BIO4995 Undergraduate Research

Advisor: Dr. Junda Lin

July 30, 2010

Introduction
Many crustaceans species, such as crabs (Ryan 1966; Gleeson 1980; Seifert 1982; Hardege et al. 2002; Kamio et al. 2002), lobsters (Atema 1984 for a review), and crayfish (Ameyaw-Akumn and Hazlett 1975; Tierney et al. 1984), copulate with the females using chemical compounds as sex attractants. Pheromones as a kind of chemical signals are widespread in aquatic species. To communicate and mate, sex pheromones that emitted by male or female become the most important chemical messages and are also used in mate choice.
Sex pheromones are classified two types: distance pheromones and contact pheromones. As a kind of water-borne (aquatic species) or volatile (terrestrial species) chemical, distance pheromones can take effect within a certain range in water or in air Chang et al. 2007, Lim and Greenfield 2008).
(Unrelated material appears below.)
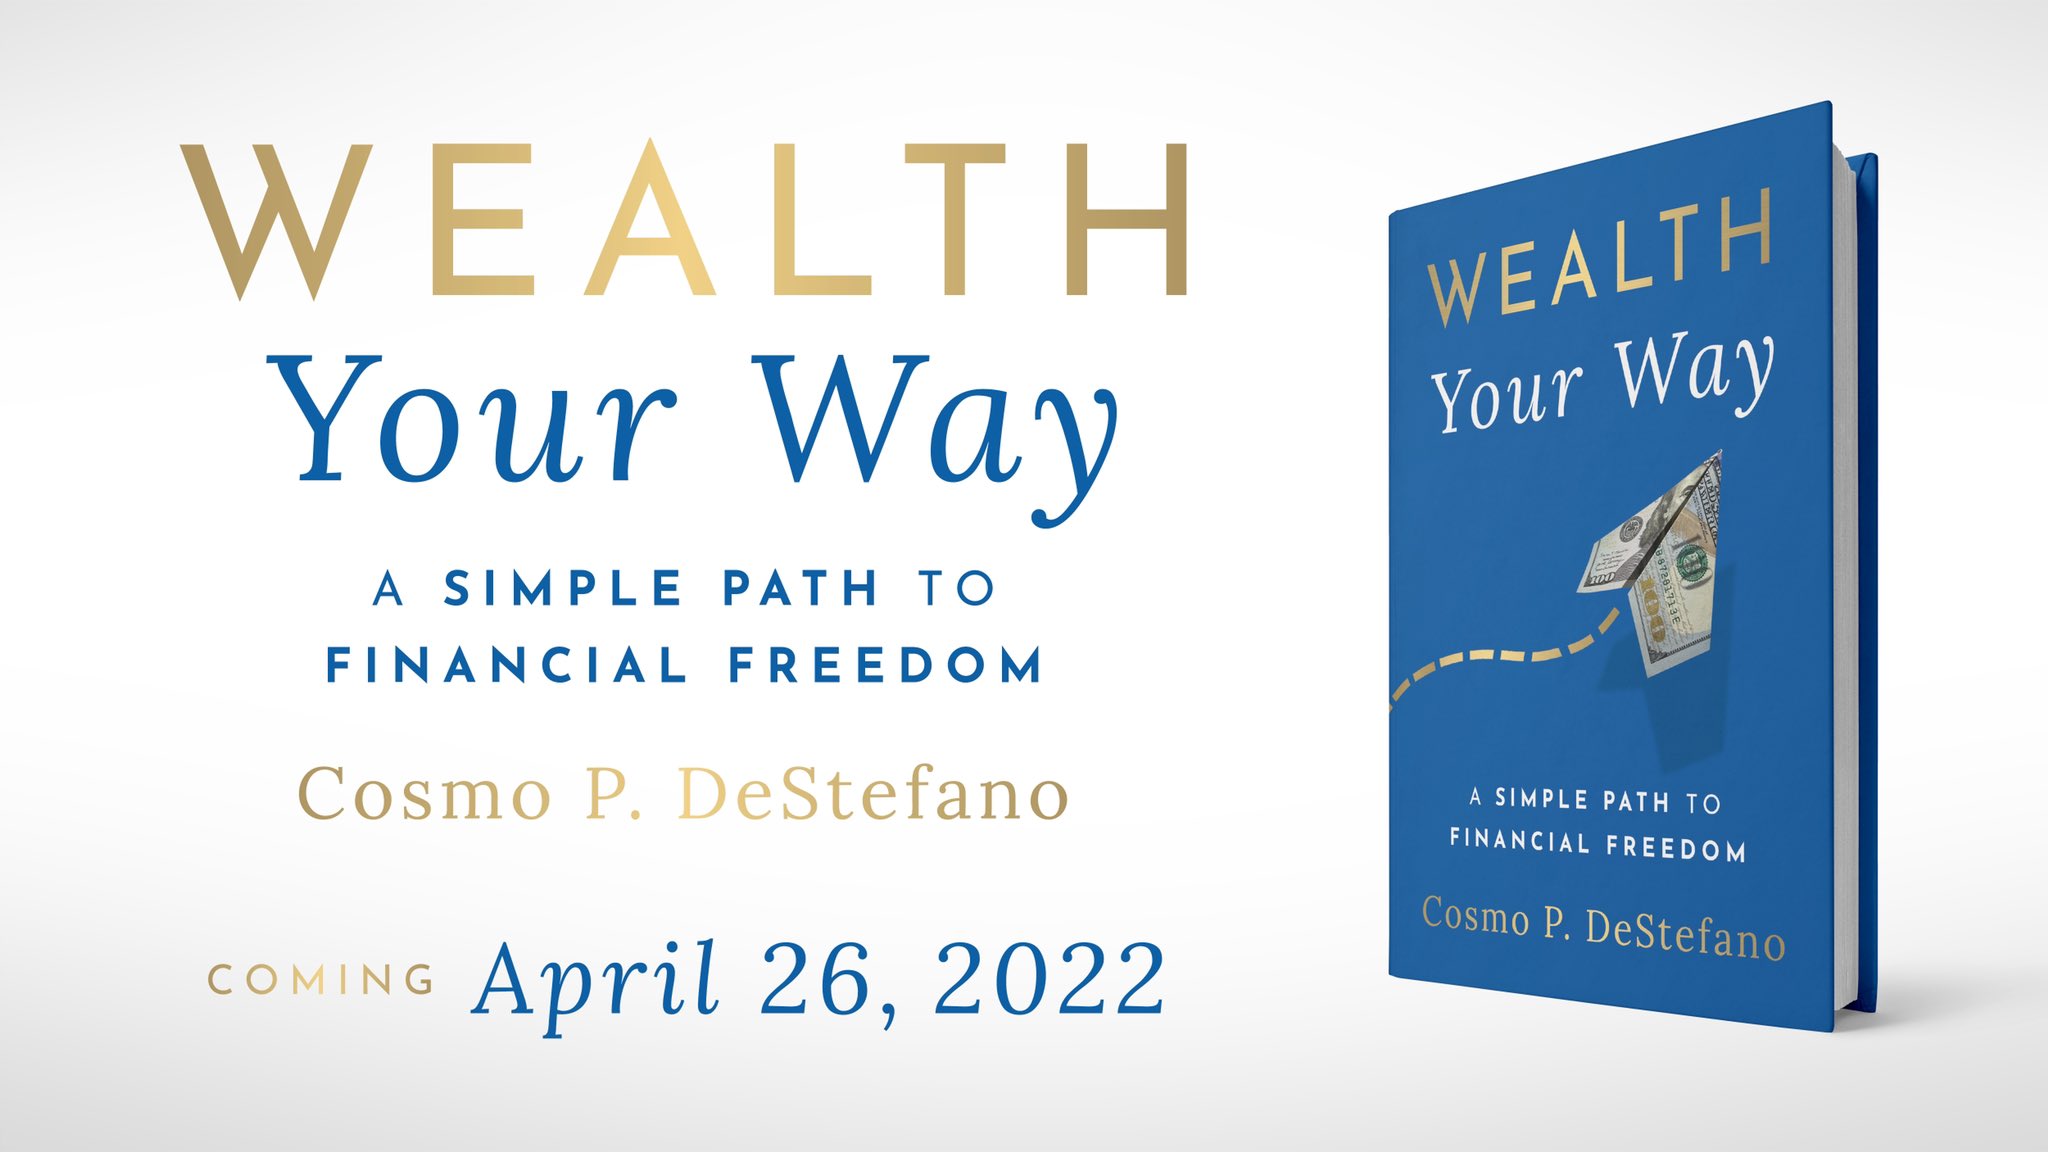 Building Sustainable Wealth: A Review of Cosmo P. DeStefano's "Wealth Your Way"

Kamio et al. (2002) found that post-molt females can release a water-borne pheromone, which is different from pre-molt females. Unlike distance pheromones, contact pheromones are insoluble and coat the female’s body (Kamiguchi 1972, Bauer 1979, Borowsky 1991, Zhang and Lin 2006).
In many animals, pheromones are detected by specialized receptor organs, such as vomeronasal systems of vertebrates (Halpern and Martinez-Marcos 2003). But crustaceans sense chemicals through an organ called cuticular sensilla. Antennules, as the first part of antennae, have been reported as pheromone receptors in many decapod crustaceans. “Male-specific sensilla” are also found in some mysidan, cumacean, and amphipodan crustaceans for detecting females (Johansson et al. 1996, Hallberg et al. 1997).
Lysmata species is a group of caridean shrimps with protandric simultaneous hermaphroditism. There are a lot of studies which can indicate that the genus shrimp matures into a male-phase (MP), and then later change sex to a euhermaphrodita -phase (EP) with both male and female functions (Bauer 2000). EP shrimps can only keep female phase during a narrow post-molt window about 3-8 hrs in each molt cycle (about 10 days), while inter-molt shrimp function as males (Lin and Zhang 2001). Male-role shrimp of L. ankeri, L. boggessi, and L. wurdemanni track and locate the receptive females by both distance and contact pheromones (Zhang and Lin 2006).
Hypotheses
I. Lysmata shrimp have obvious responses to extractive pheromones, including distance and contact pheromones. II. The more the aesthetascs are, the more obvious the responses are.

Materials and methods
Experimental animals
Four different species of shrimps were collected to determine the specificity of the shrimp pheromones: L. boggessi shrimp from Hernando Beach, Florida, U.S.A., L. ankeri shrimp from Haiti, L. debelius and L. amboinensis which are purchased from petstore because they are Indo-Pacific Ocean species.

Pheromone collection
Several hours before euhermaphrodite-phase shrimp molt (when the ovary is determined fully developed), 7-10 shrimps will be moved to 1-L beakers which each contains 200 ml filtered and one pre-copulatory shrimp. The seawater which provides environment for euhermaphrodite-phase shrimp molted (molting water) was filtered with 0.2 μm filters. After the shrimp molted, the water sample, that contains distance pheromone, will then be serially diluted (e.g. 1x, 2x and 4x) and used to test the behavioral response of MP shrimp or male-role EP shrimp. Contact pheromones are a series of hydrocarbon, which coats the surface of newly molted EP shrimp body, therefore collecting the contact pheromones can use hexane to extract. The Extracts of contact pheromones, which is obtained through the abdomen of 10 newly molted EP shrimp dipped in 1.5 mL hexane for 30 seconds, will be concentrated (e.g. from 15 mL to 2 mL) using liquid nitrogen flow to evaporate hexane in order to test the behavioral response of male-role shrimp.

Pheromone detection
Distance pheromones
All the experimental shrimps must be feed as its species in the 20-L tank (with 10 L seawater). Because distance pheromones can dissolve in water, we tried three methods to do the experiment. Dropping distance pheromone solution directly is the first way. An appropriate cylinder will be used to measure 50 mL solution and then pour the solution into the tank gently in order to keep the shrimp quiet. The second method to test distance pheromones is using a plastic tube with constant flow of solution. Behavioral responses of the male shrimp to the pheromone plume, or sea water (control) will be evaluated by both response time and behavior intensity. The third method is undertaken by sponge binding with round stone. The overall sponge is immersed for five min in either fresh seawater (control) or pheromone solution, and then put into the experimental tanks. All of the three methods will be recorded using a video camera.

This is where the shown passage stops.